Can We Predict Surgically Complex Diverticulitis in Elective Cases

2020 
BACKGROUND: Diverticulitis is separated into complicated and uncomplicated, based on the patient's presentation at the time of their initial attack of acute diverticulitis. OBJECTIVE: The aim of this study was to identify risk factors for persistent complex diverticulitis, defined as an abscess, fistula, or stricture, at the time of elective surgery, and characterize outcomes in this patient population. DESIGN: This was a retrospective review of the 2010-2016 in the American College of Surgeons National Surgical Quality Improvement Project database. SETTINGS: Individuals diagnosed with diverticulitis who underwent elective surgery were included.
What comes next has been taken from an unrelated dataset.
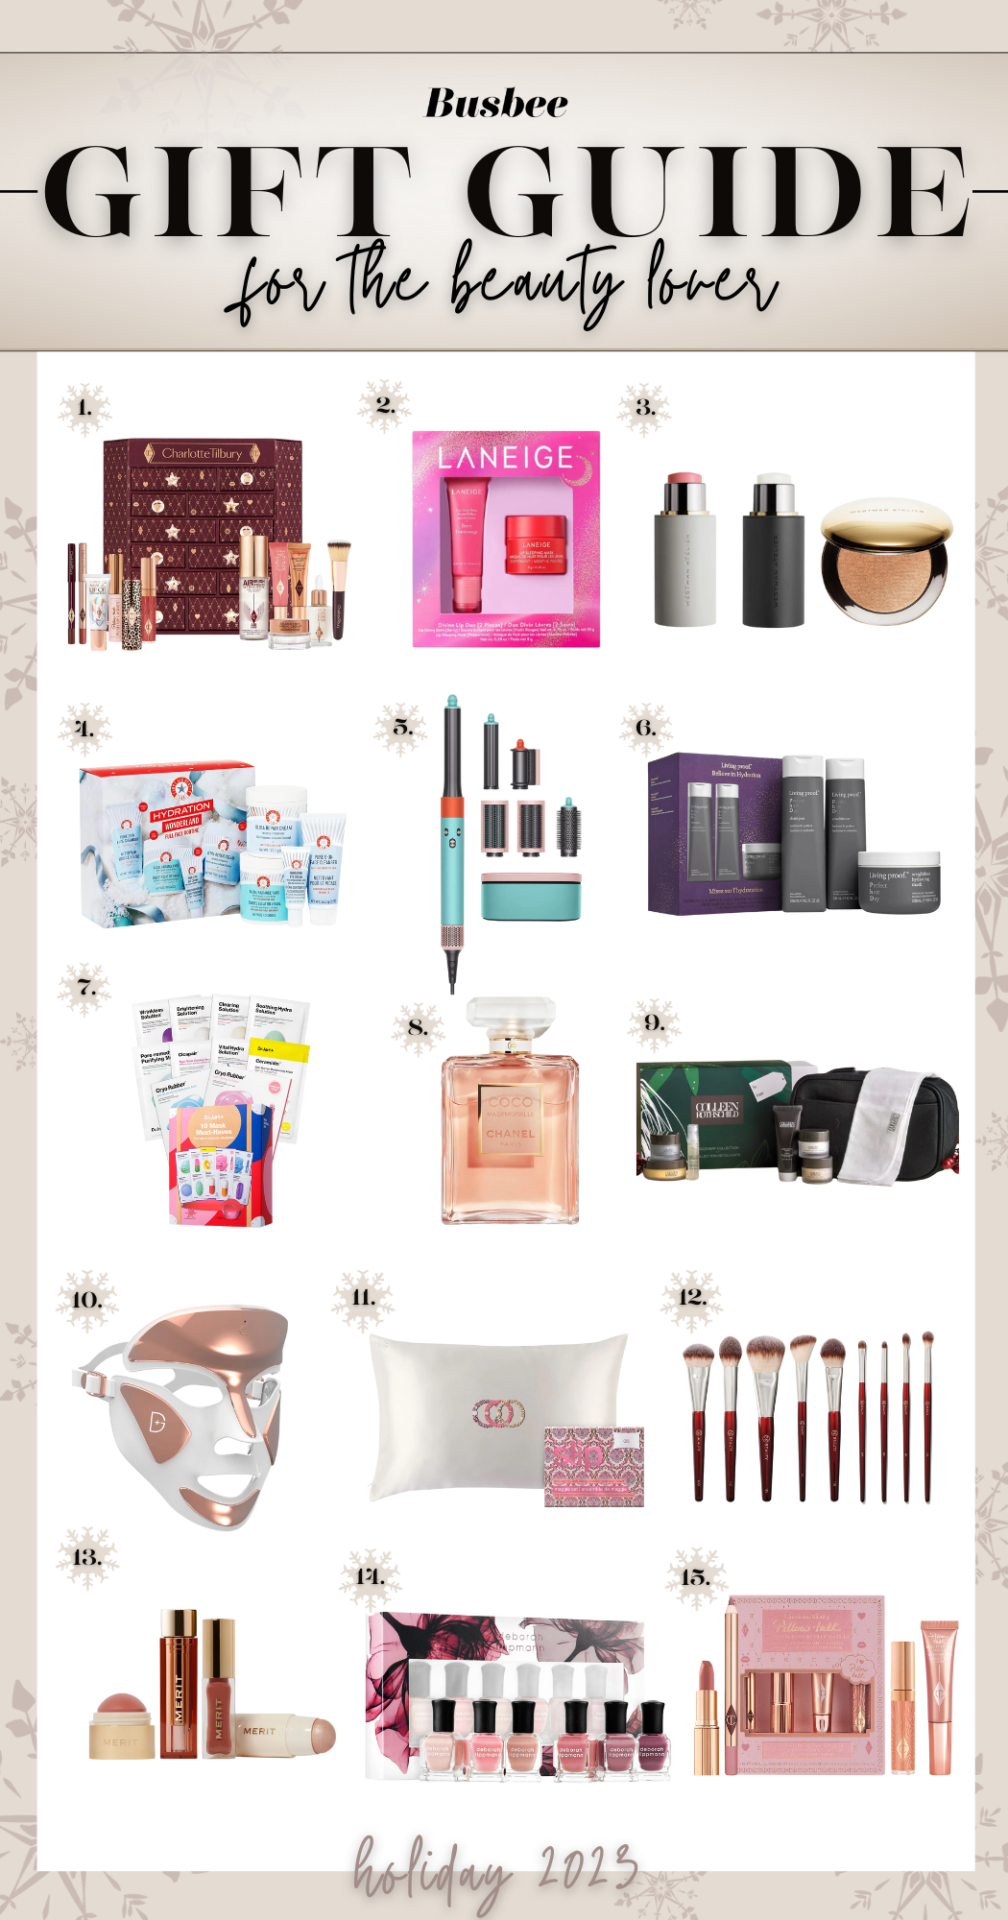 GiftGuides: Gifts for the Beauty Queen - ShareASale Blog

PATIENTS: A total of 1502 patients underwent elective surgery for diverticulitis, of which 559 (37%) patients had a surgical indication of persistent complex diverticulitis. INTERVENTIONS: We performed logistic regression analysis to identify risk factors for complex diverticulitis and evaluated a new prediction model. MAIN OUTCOME MEASURES: The predictive factors of persistent complex diverticulitis for elective colon resection were measured. RESULTS: The patients with complex diverticulitis were older (p <0.001), had worse functional status (p <0.001), more comorbidities (diabetes and hypertension), and a higher Charlson comorbidity index (2.7 vs. 1.6, p<0.001). They were more likely to have a history of tobacco or alcohol use (p <0.001), and be malnourished. Interestingly, patients found to have persistent complex diverticulitis did not have more episodes than uncomplicated patients (p=0.67). Surgical time was longer in complex diverticulitis and they were more likely to require diverting stomas and concurrent resections of adjacent structures. The area under curve from the test set was (0.75, 95%confidence interval 0.72-0.78), sensitivity and specificity were 0.890 (95% confidence interval; 0.870-0.891) and 0.450 (95% confidence interval; 0.410-0.490), respectively. LIMITATIONS: The study was limited by its retrospective review and observational bias. CONCLUSIONS: Patients undergoing elective surgery for complex diverticulitis did not have more episodes. Instead, complex diverticulitis may be a reflection of a complicated patient, suggesting that complicated patients should have a different algorithm of care at the time of their initial presentation with diverticulitis to prevent development of complex disease. See Video Abstract at http://links.lww.com/DCR/B183.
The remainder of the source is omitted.